One way to think about the tool presented is that it minimizes the number of times you'd need to run your test suite, to locate the bad commit.

ajb 9 hours ago | parent [-]

It's worth noting that the analysis (although not this specific algorithm) applies in cases where there is a deterministic approach, but a nondeterministic algorithm is faster.

For example, suppose you have some piece of hardware which you can interrogate, but not after it crashes. It crashes at a deterministic point. You can step it forward by any amount of steps, but only examine it's state if it did not crash. If it crashed, you have to go back to the start. (I call this situation "Finnegan Search", after the nursery rhyme which prominently features the line "poor old Finnegan had to begin again").

The deterministic algorithm has you do an examination after every step. The nondeterministic algorithm has you choose some number of steps, accepting the risk that you have to go back to the start. The optimal number of steps (and thus the choice of algorithm) depends on the ratio of the cost of examination to the cost of a step. It can be found analytically as the expected information gain per unit time.

(Either way the process is pretty annoying and considerable effort in hardware and software design has gone into providing ways to render it unnecessary, but it still crops up sometimes in embedded systems).

curuinor 10 hours ago | parent | prev | next [-]

Bayesian inference is, to be overly simple, a way to write probabilistic if-statements and fit them from data. The "if" statement in this case is "if the bug is there...", and of course it's often the case that in actual software that if statement is probabilistic in nature. This thing does git bisect with a flaky bug with bayesian inference handling the flakiness to get you a decent estimate of where the bug is in the git history. It seems to be usable, or at least as usable as a Show HN thingy is expected to be.

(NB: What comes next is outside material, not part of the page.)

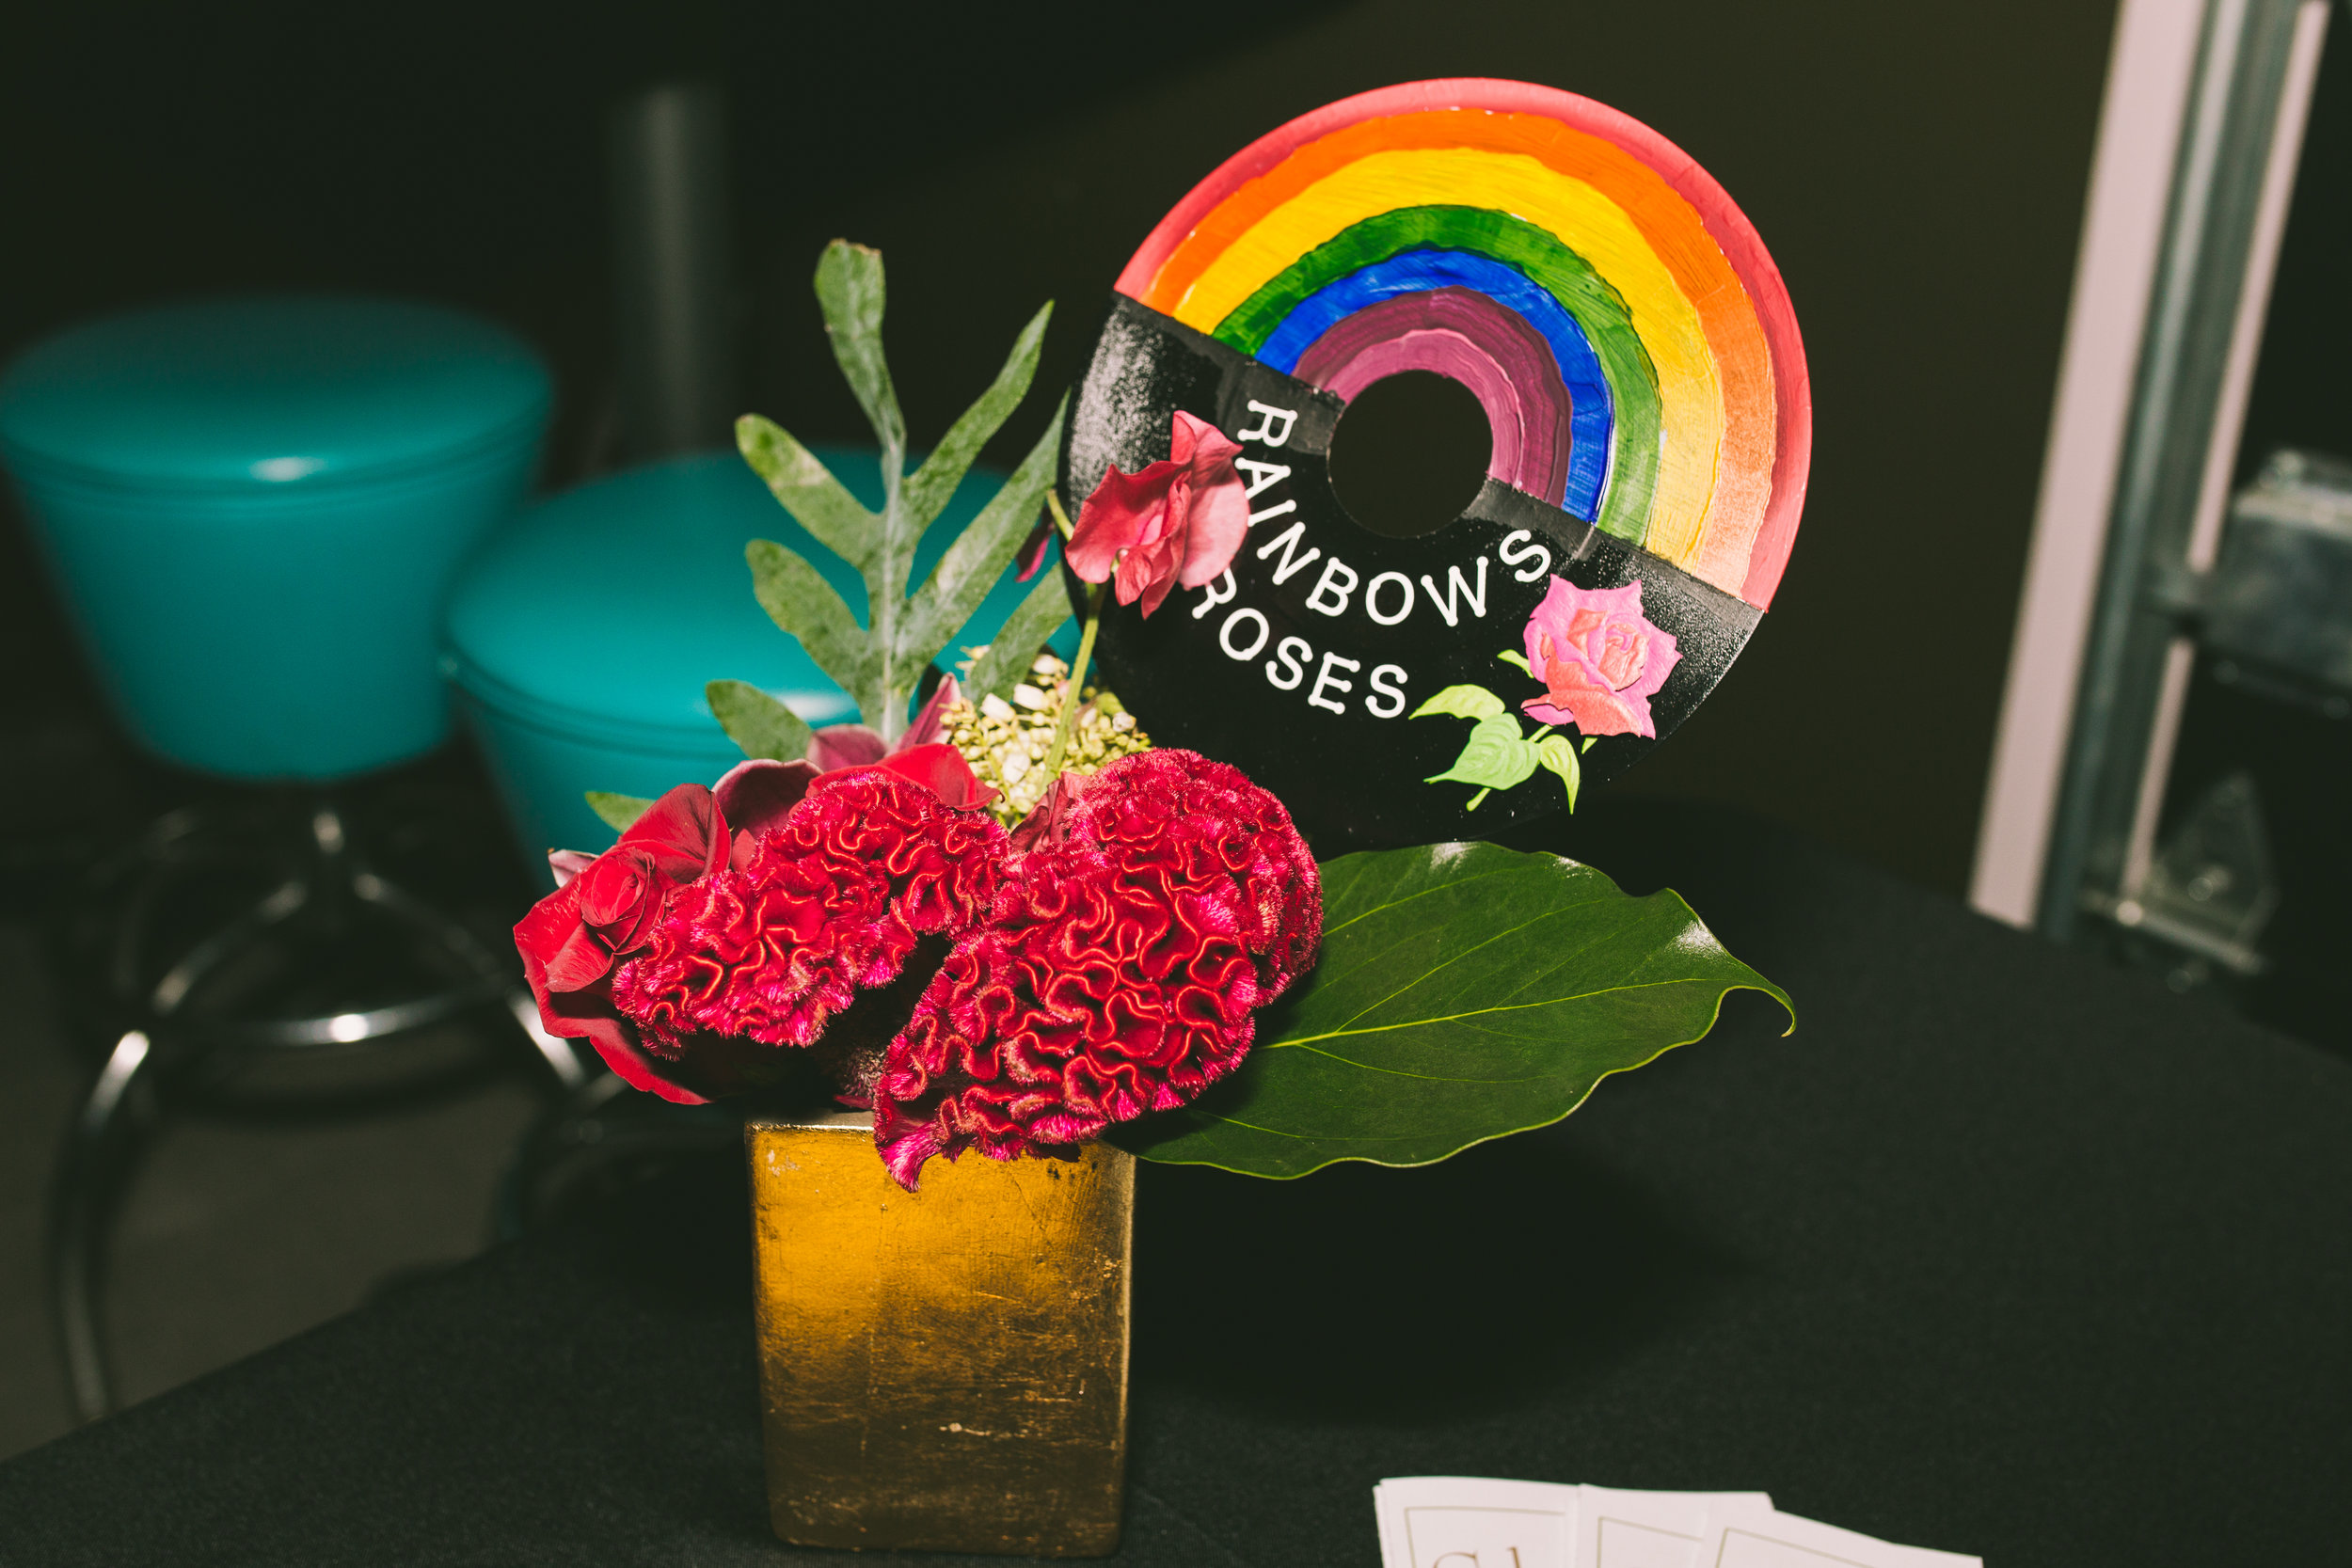 Rainbows & Roses Thurby 2017 WEBSITE FEVA PLAY Crystal Ludwick Photo 4.jpg

teckywoe 9 hours ago | parent | prev | next [-]

Opening the discussion to include properties of nondeterministic bugs.

Often these bugs depend on timing, caused by unpredictable thread scheduling, CPU load, disk and networking timing, etc. Git commits can affect app timing and change the likelihood of the bug occurring, but in many cases these changes aren't related to the underlying bug. That's distinct from a regular git bisect to find a deterministic bug.

One cool bayesect application is to identify the commit that most frequently hits the bug, so it's easier to debug. But more broadly, I'm wondering about the underlying philosophy of bisection for nondeterministic bugs, and when I'd use it?

hrmtst93837 an hour ago | parent | next [-]

Bayesian bisection helps when the failure rate shifts enough to measure. Once a bug rides on scheduler jitter or some external side effect you don't control, the posterior gets mushy fast.

In practice bayesect gives you a ranked suspect list, and that's still better than poking at the repo blind, but calling the top commit "the cause" is where people fool themselvs. Half the time the winner only nudged timing and the bug still lives somewhere else.

rs545837 2 hours ago | parent | prev [-]

[dead]

ncruces 8 hours ago | parent | prev [-]

If you want to read more about the bisect idea itself, this link has a bunch of interesting use cases:

https://research.swtch.com/bisect

TLDR: you can bisect on more than just "time".